I remember climbing out of my crib after my afternoon nap and finding Mommy painting my new big girl bed. The sun is shining brightly through the living room window on her face and I think she looks like a beautiful princess. I run, throwing myself into her arms, and sigh "Mommy!"
In the next memory, I wake up in the middle of the night. I lay there for a moment, listening to the sounds of the night. I can't fall back to sleep so I get up and go to climb in Mommy and Daddy's bed.
It is empty.
My heart begins to race. I whisper, "Mommy? Daddy?" No one answers. I tiptoe through the living room to the kitchen and bathroom, then back to the living room. I climb on the couch, eyes wide in the dark, and listen to the silence. I hear the distant rumble of the subway. Hurried footfalls echoing down the street. Eventually, I hear a car stop below. Then, I hear voices. I struggle to hear one I know. I hear a laugh. Daddy?
I jump up and run to the window. I climb on a chair. I listen again through the tiny sliver of open window. I hear his laugh again. I scream, "Daddy?"
"Baby?"
"Daddy! What are you doing out there! You're supposed to be with me! Come home right now!!"
"I'm coming, baby."
In my last pre-kindergarten memory, I am five and sitting in my Auntie Alva's room where I would sleep with Mommy for six months while she looked for a new home for us. Mommy and Auntie Alva are in the kitchen whispering. I am playing music on my little Donald Duck record player. I am listening to Michael Jackson's song, Ben, and crying as I write Mommy a note (she still carries in her wallet the yellowed paper with my childish writing). I write, "Don't worry, Mommy. I will take care of you. I love you."
My favorite person is...
During the year floods in the village left many homeless. Thank God no one was hurt.

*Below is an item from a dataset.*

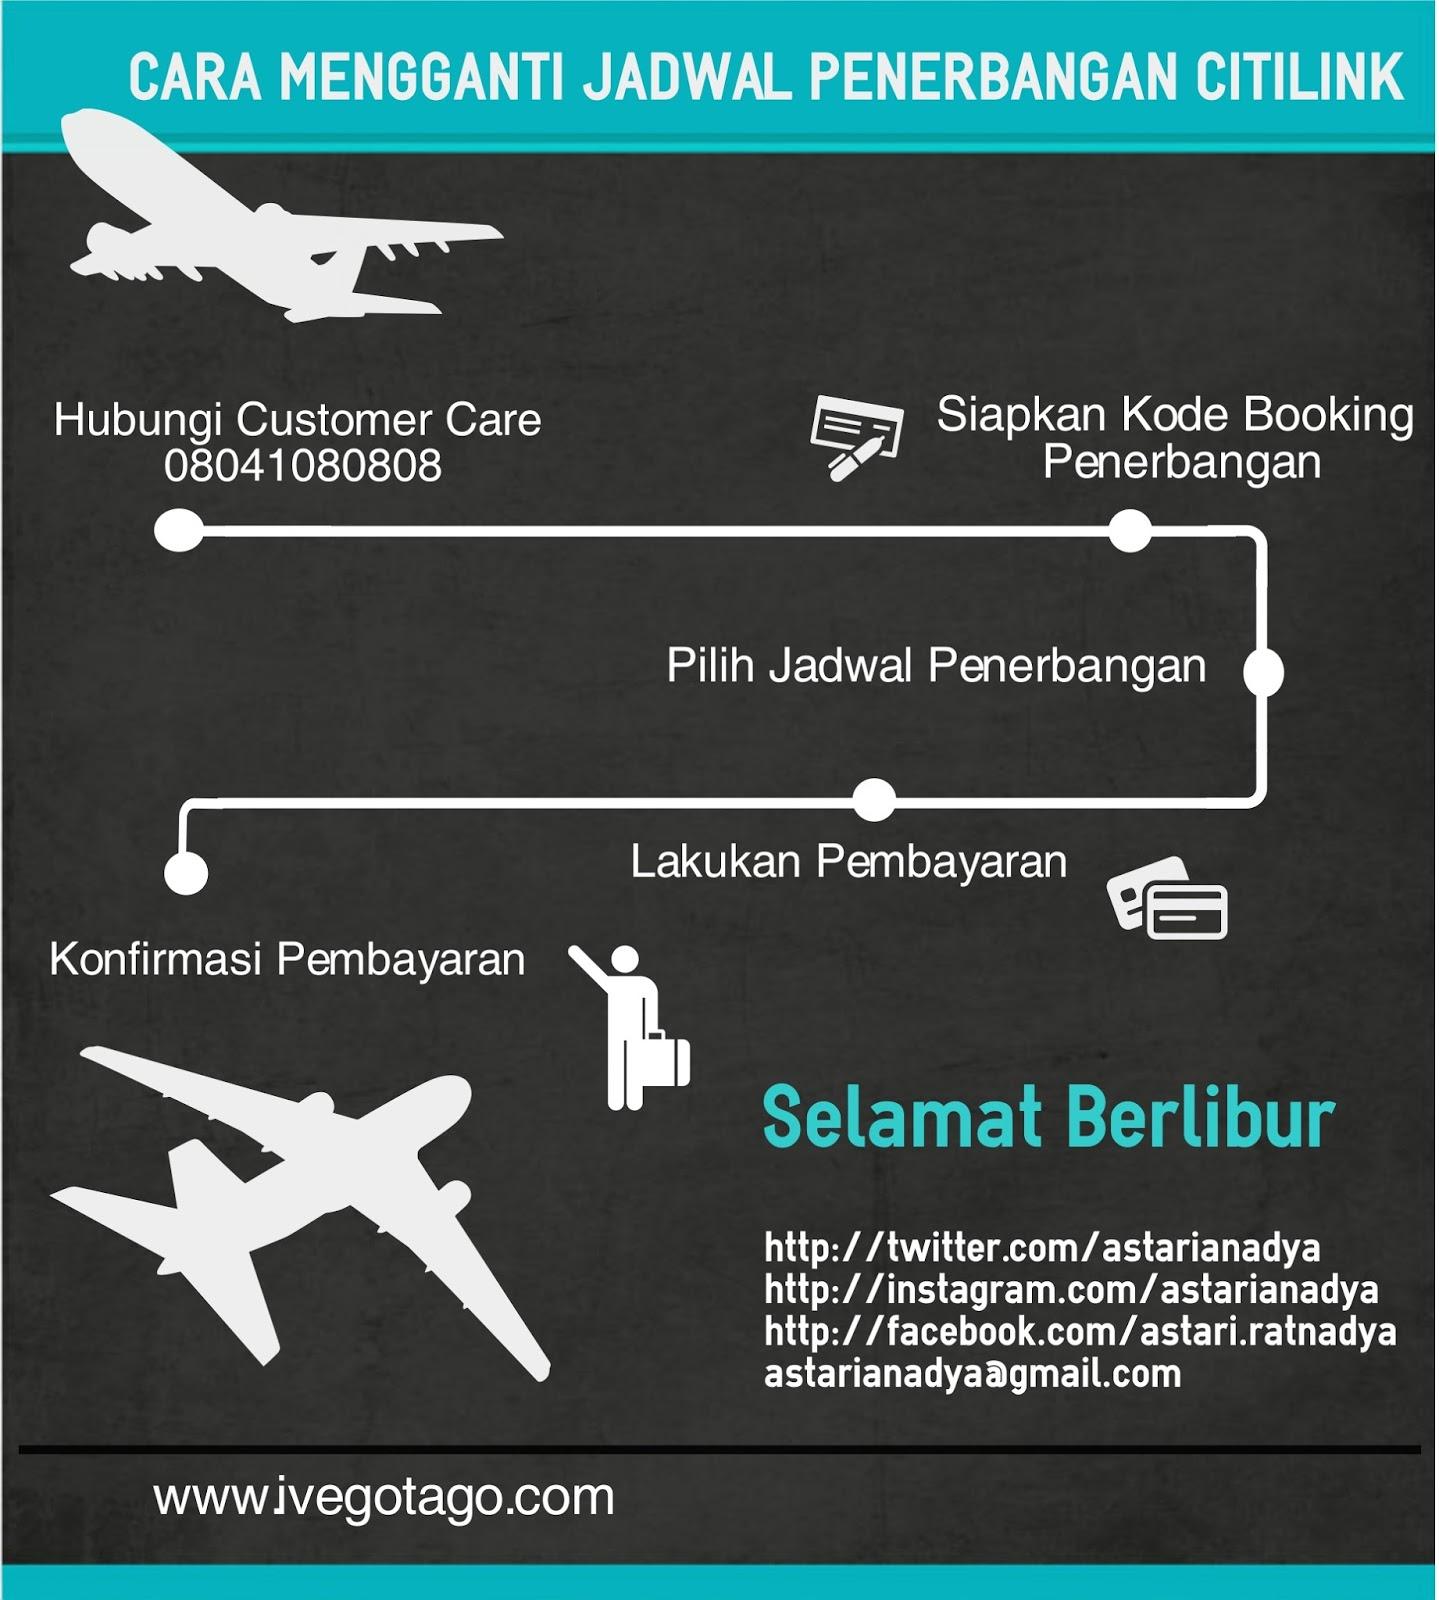 Astarianadya Cara Mengganti Jadwal Penerbangan Citilink

But the homeless people were devastated. All were upset and all were amazed and their hearts were ruined.
Then an old gentleman said that the demolished houses should be rebuilt by means of hashar and lit the lights of hope for tomorrow.
Everyone who can work has come to hashar. Even people from the neighboring village came to help the people with food.
It was lunch. Everyone sat down to eat. But for some reason a little boy didn't sit down for dinner. He was really called. Didn't.
"Yes, he has a heavy ear."
"I think he is full."
- No, the boy has not stopped since the morning. Was he not thirsty or was he tortured?
In fact, this boy, who has been working in the hot and humid weather since early morning, has been amazed and at times surprised. The old man, who had an idea for hashish, came to ask him:
- Look at me, baby! Have you not tasted salt since morning? Or did you not drink some water? It doesn't happen. A little self-centered? Look at that, and the big guys from you are tired of eating too! But you are working hard on the pearl! Tell me, my son, why?
The boy finally spoke and said, "I'm fasting."
The father was in tears. They all fluttered. No, not because of the boy's response, but because they forgot the month of Ramadan when the flood came, and when they were worried about themselves, they forgot about Allah.
Then it became clear why the villagers survived even in such a terrible flood.